На комоде в обычной дешёвой рамке стояла небольшая чёрно-белая фотография Бейлы. Изя нежно взял портрет жены, обласкал его руками, несколько раз поцеловал стекло в разных местах. Затем, отведя фотографию на расстояние вытянутой руки, придирчиво осмотрел лицо жены, сморщил лоб и начал негромкую беседу со своей Бейлой. В конце разговора опять поцеловал портрет и вернул его на место. В конце своего визита, с чувством исполненного долга, Израиль Аркадьевич чинно вышел из комнаты, затворив за собой дверь. Назавтра с утра вся эта церемония вновь повторится, и никак иначе.
*
Кухня была вторым святым местом после комнаты супруги. Шматковский на кухне чувствовал себя словно в раю.
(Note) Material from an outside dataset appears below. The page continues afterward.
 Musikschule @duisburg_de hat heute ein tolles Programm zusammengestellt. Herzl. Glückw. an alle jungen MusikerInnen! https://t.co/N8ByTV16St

Помещение маленькое, но для Изи уютное, места предостаточно.
Нет уже Бейлы и нет любимого её кота — Фимы, который ушёл вслед за женой прошлым летом. Изя также очень любил домашнего питомца. Нет, о чём говорить, — жену он любил больше, тут и сравнивать нечего, но Фиму он действительно обожал. Шматковский души в нём не чаял... Вот и плошечки кота в углу остались, из которых Фима постоянно ел и пил. Изя оставил их как память о своём любимце.
Последний год жизни Фима очень болел, его подкосила мочекаменная болезнь. Временами кота так скручивало, что душераздирающий кошачий вой стоял на всю квартиру, лучше и не вспоминать. Чтобы хоть как-то отвлечься от нахлынувших на него воспоминаний, Шматковский подошёл к окну.
Узкая, ведущая в горку, улочка была заполнена автомобилями, кое-где брели редкие прохожие, голая кирпичная стена соседнего дома — вот и все достопримечательности, которые не принесли Израилю Аркадьевичу должного успокоения. Всё, что он постоянно видел из этого своего окна, и являлось только его, Изиной, Москвой... Другой Москвы для него не существовало.
*
Шматковский стал ворошить в своей голове старое, вспоминая, когда же они с Бейлой переехали жить сюда, в Москву?.. Это, по его мнению, была одна из немногих ошибок их молодости. Почему же они оставили тогда свою любимую Одессу? Пытались искать лучшую жизнь?.. А зачем?.. Чего им в родном городе не хватало?.. Уж лучше бы сорвались, как и все тогда, в Израиль… А?! Денег не нашлось… Так этих денег никогда не будет хватать!.. Большие деньги у кого? У проходимцев, которые постоянно стремятся покинуть свою Родину, будто где-то, когда-то и кому-то они будут нужны больше.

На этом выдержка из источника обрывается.